A White House spokesperson said the decision to allow the Russian tanker to deliver oil to Cuba did not imply a change in policy towards Cuba.
“This is not a policy change, there has not been a formal change in sanction policy,” Karoline Leavitt said during a press briefing Monday. “As the president said last night we allowed this ship to reach Cuba in order to provide humanitarian needs to the Cuban people. These decisions are being made on a case-by-case basis.
“Cuba’s non-functional economy cannot be fixed unless they undergo dramatic, political and leadership change, but there has been no formal change,” she added.
Kremlin spokesman Dimitri Peskov said Monday the oil shipment was meant to help Cuba maintain essential needs, including medical services, and that it was discussed with the Trump administration. Piñón said Cuba was unlikely to have paid the $84 million to Russia, since the island is known for negotiating credits or other forms of payments.
Mexican President Claudia Sheinbaum was noncommittal about resuming oil shipments to Cuba but said her government was “working” with Cuba on the matter.
Trump said this weekend that he did not believe isolated shipments would make any difference for Cuba’s many problems, downplaying the decision to let the Russian tanker deliver the oil.
Asked if the decision would help Russia’s president Vladimir Putin, he replied, “Why? He loses one boatload of oil. That’s all it is. If he wants to do that and if other countries want to do it, it doesn’t bother me much. It’s not going to have an impact. Cuba is finished.”
“Cuba’s going to be next,” Trump also told reporters flying back with him to Washington on Sunday. “Cuba’s a mess, it’s a failing country, and they’re going to be next. Within a short period of time, it’s going to fail, and we will be there to help it out. We’ll be there to help our good Cuban-Americans out.”
Political changes?
On Saturday, Secretary of State Marco Rubio said the administration was not merely seeking economic changes in Cuba.

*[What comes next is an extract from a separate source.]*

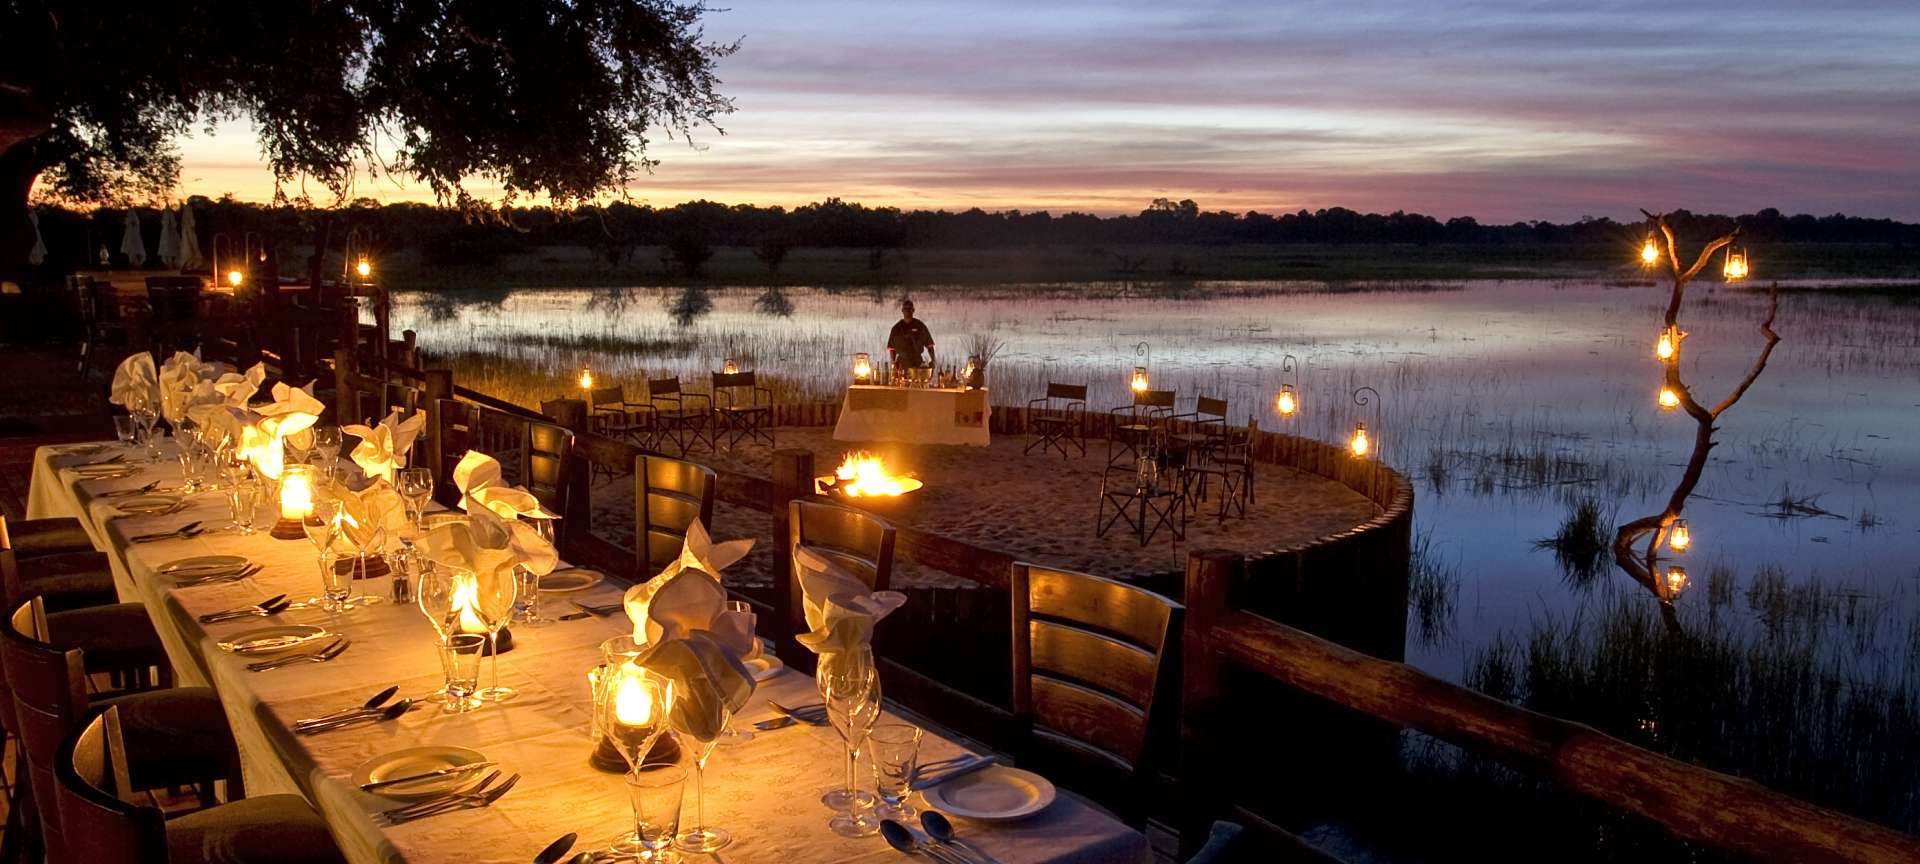 Luxury accommodation in Botswana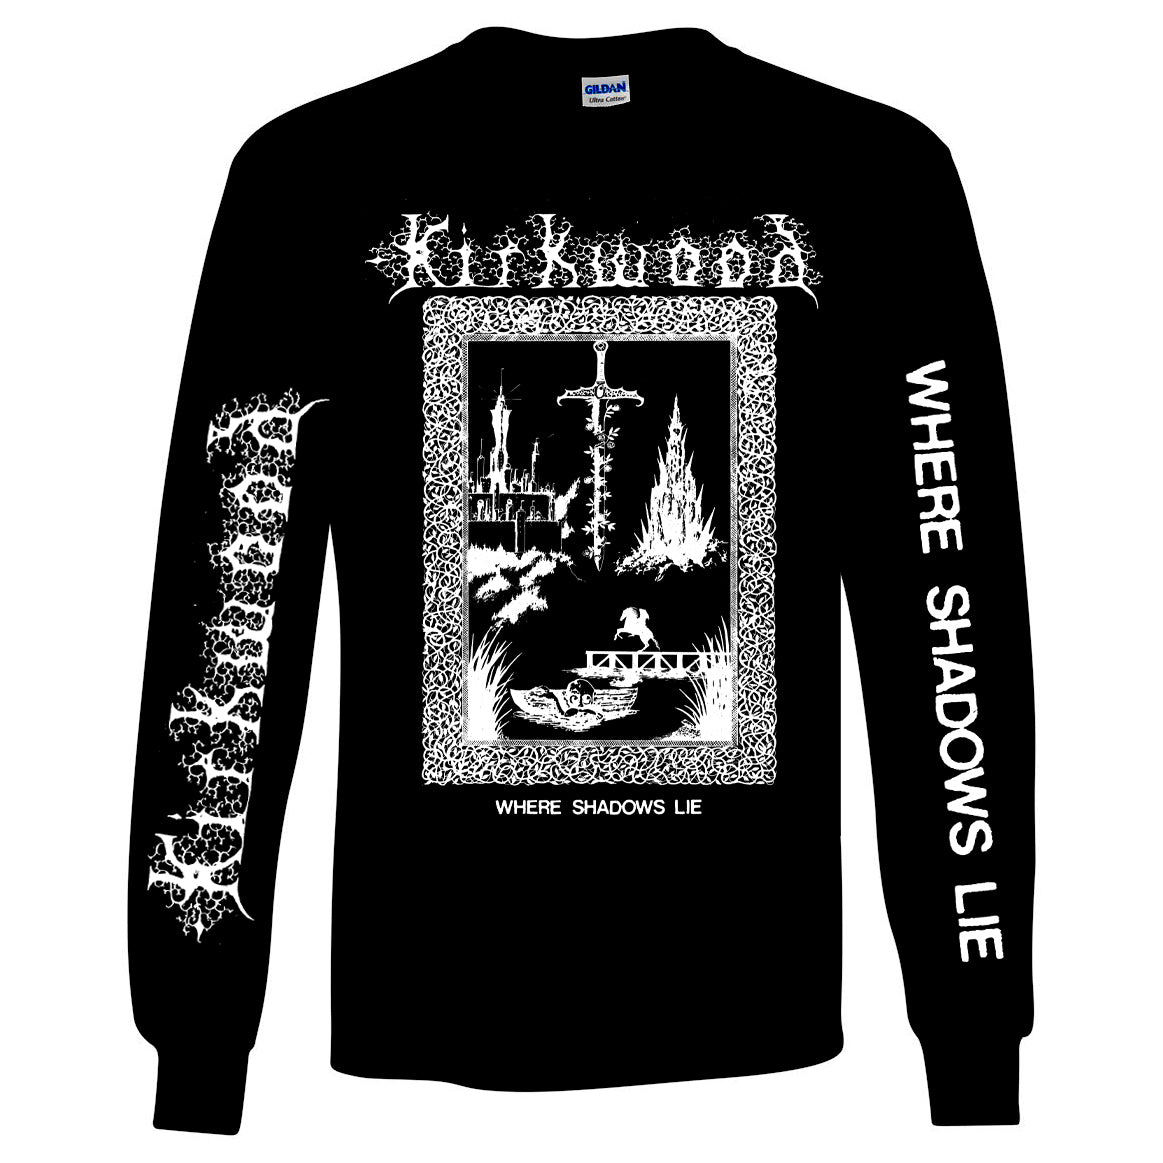 JIM KIRKWOOD "Where Shadows Lie" Long Sleeve Shirt [WHITE or BLACK]

“Cuba’s economy needs to change, and their economy can’t change unless the system of government changes, it’s that simple,” he said.
Cuban leaders have already ruled out negotiating political changes, bringing the dialogue with the United States to an apparent impasse.
In an interview aired Monday on Al-Jazeera, Cuba’s deputy foreign minister, Josefina Vidal, said her government preferred to maintain a dialogue with the United States but would resist a military attack by the U.S.
“We will defend our country, we are absolutely determined to defend our country,” she said.